The ever-increasing demand for efficiency, transparency, and outdated legacy systems have made it very clear that technological innovation is no longer a luxury but a necessity. The technology workforce is expected to double the growth of other industries, with some tech categories projected to expand up to five times1 (5x) the current rate by 2023. In an era where technology advancements are made in an unprecedented pace, it’s crucial for the Federal Government to stay ahead of the curve.
The role of the United States Federal Government continues to expand as a global driver of innovation, balancing efficiency and cost-effectiveness to keep the nation competitive. Automation and Artificial Intelligence (AI) continue to trend as buzzworthy terms tossed into tech dialogues.

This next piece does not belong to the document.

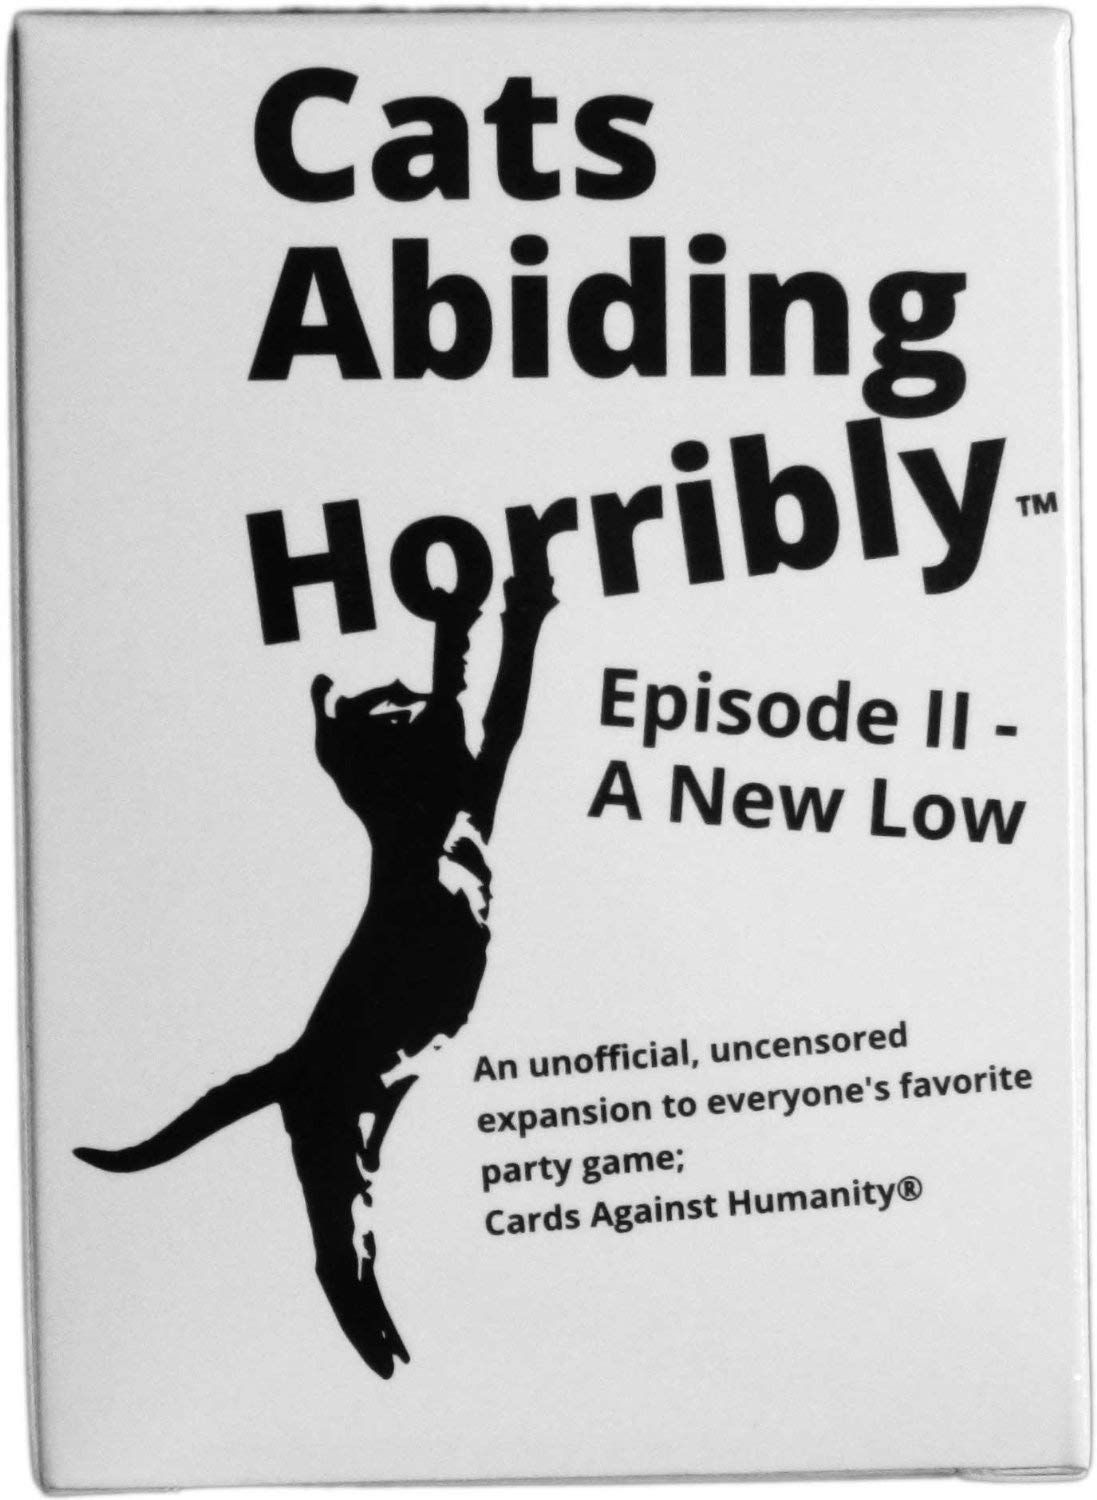 Cats Abiding Horribly: Episode II – A New Low

|You may be familiar with DPA through the more popularized Robotic Process Automation (RPA). RPA uses software robots or bots to mimic human actions in interacting with software applications and systems. It focuses on automating repetitive, rule-based tasks by replicating the exact steps a human operator would take and is a subset of DPA technology.
DPA is not limited to mimicking human actions and can involve more sophisticated decision-making and workflow management capabilities.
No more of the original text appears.